Why are passwords limited to 16 characters?
If you are to abide by CWE-521: Weak Password Requirements. Then all passwords must have a min and max password length.
There are two reasons for limiting the password size. For one, hashing a large amount of data can cause significant resource consumption on behalf of the server and would be an easy target for Denial of Service. Especially if the server is using key stretching such as PBKDF2.
The other concerns is hash length-extension attacks or the prefixing attack against MD5. However If you are using a hash function that isn't broken, such as bcrypt or sha-256 , then this shouldn't be a concern for passwords.
IMHO 16 bytes is far too small. bcrypt has a built-in cap of 72 characters, which is probably a reasonable size for a heavy hash function. Key Stretching used by these functions creates the possibility of an Algorithmic Complexity Attack or ACA.
What is the reason that most websites limit to 16 characters?

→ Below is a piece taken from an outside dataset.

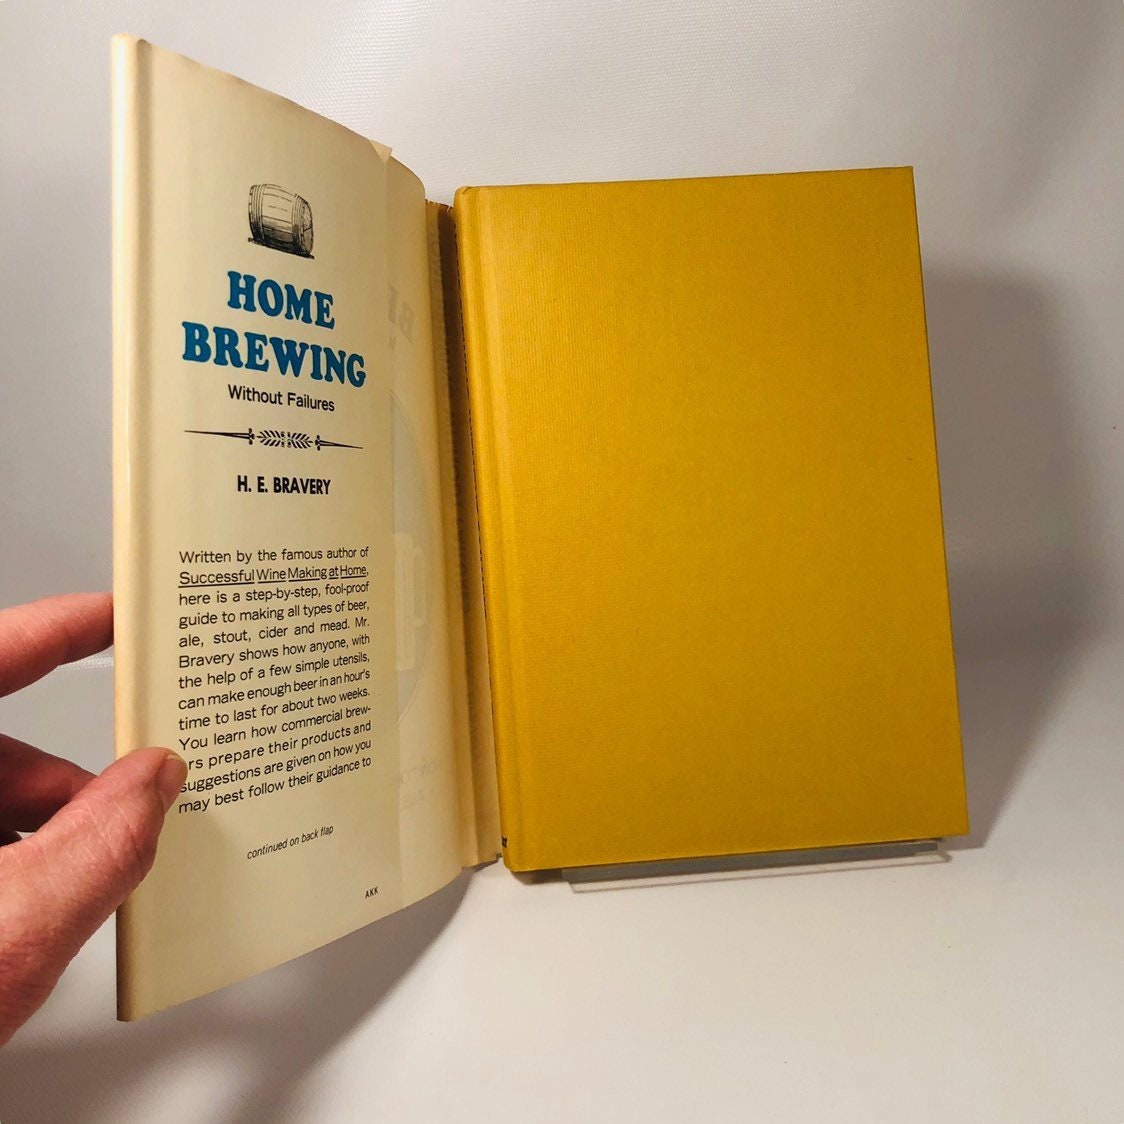 Home Brewing Without Failures by H.E. Bravery 1965 Vintage Book
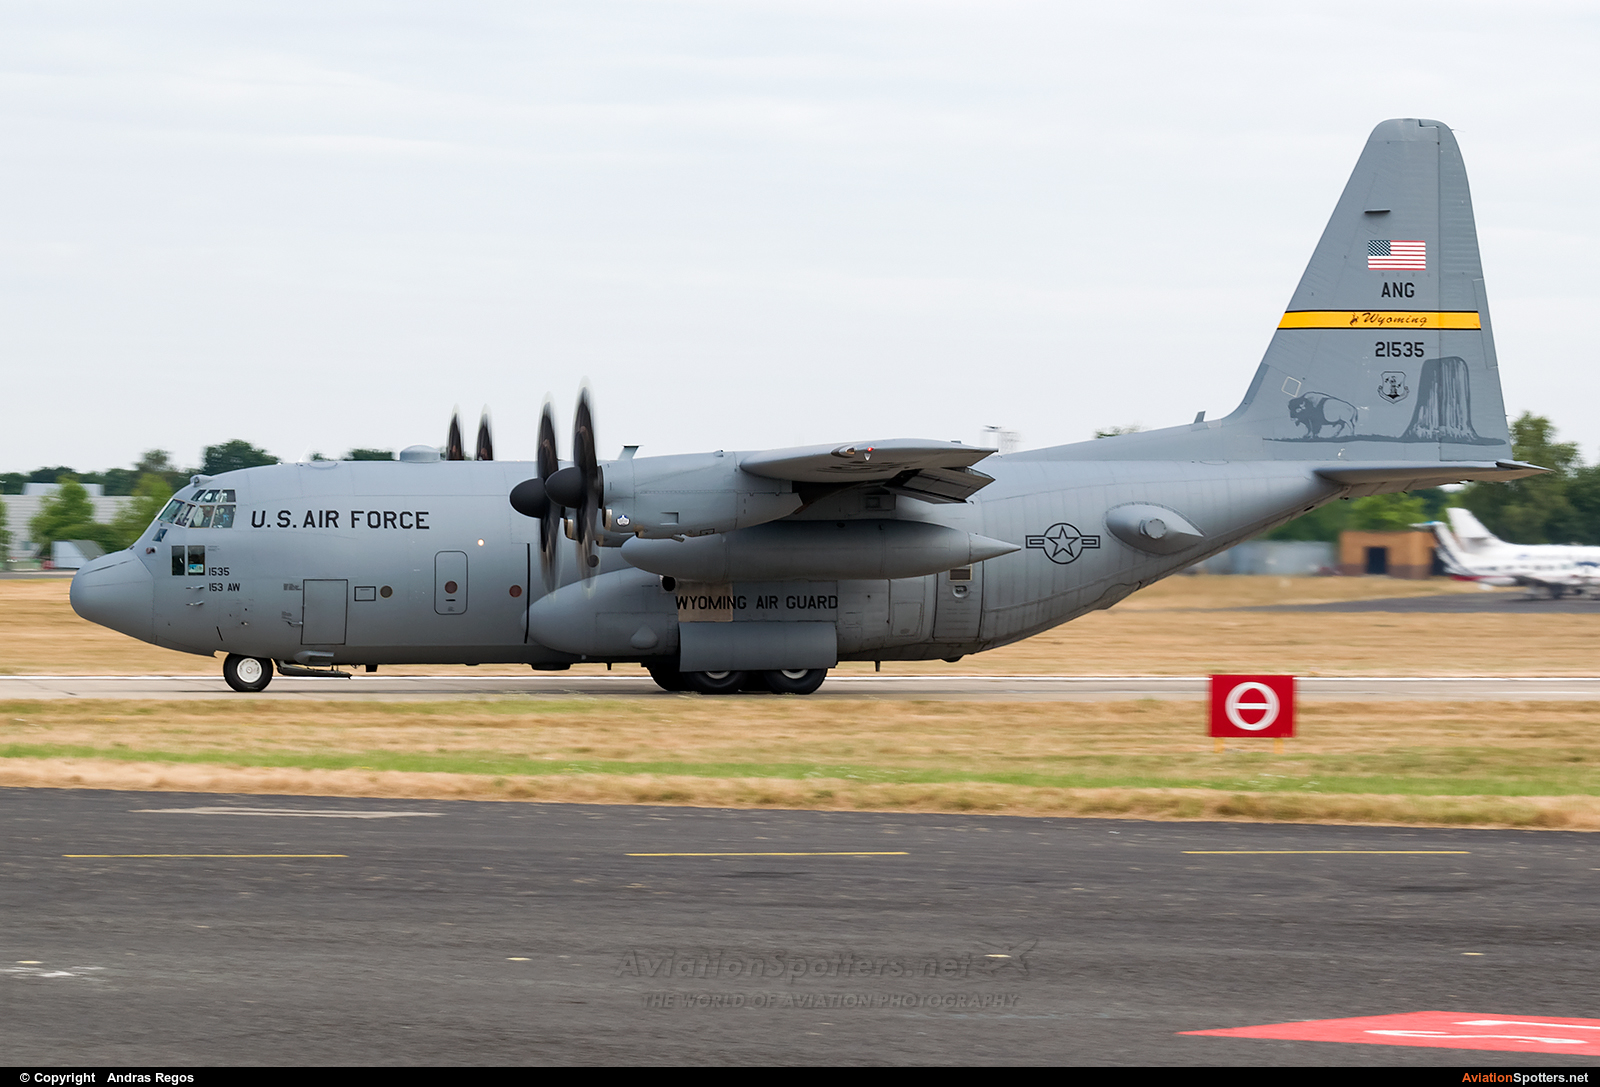 United States Air Force  -  C-130H Hercules  (92-1535) By Andras Regos (regos)

Arbitrary implementation limit.
Maybe they only want to allocate a 17-octet buffer (16 ASCII/1-octet characters + terminating NUL).
Maybe they believe that having a password with more than 16 characters is useless or silly, because they have no understanding of passwords.
I would have thought the longer the password the more difficult it makes it for someone to crack it?
Indeed. A password with 16 random independent alphabetic characters with a uniform distribution has enough entropy. But human being are bad at randomly choosing 16 random independent alphabetic characters with a uniform distribution, and terribly bad at remembering such meaningless character sequences, so they choose passwords that they can remember, but with less entropy per character.
What matters is only the total entropy, not the entropy per character. For example, a sequence of random dictionary words, generated with a word-die (word-die: open a random page in a dictionary, etc.) is easier to remember than a sequence of letters obtained with a letter-die.
Such passwords will be longer than purely random letter sequences, but they will be a lot easier to remember for equal entropy; or, if you prefer, they will have a lot more entropy for equal mental memory effort.
For adequate strength, these passwords made of dictionary words will probably have more than 16 characters.
In other words, this limit is stupid.
Is it something to do with hash collisions?
No.
There is no formal guaranty with respect to collisions with short passwords, but the practical impact of hash collisions is non-existent.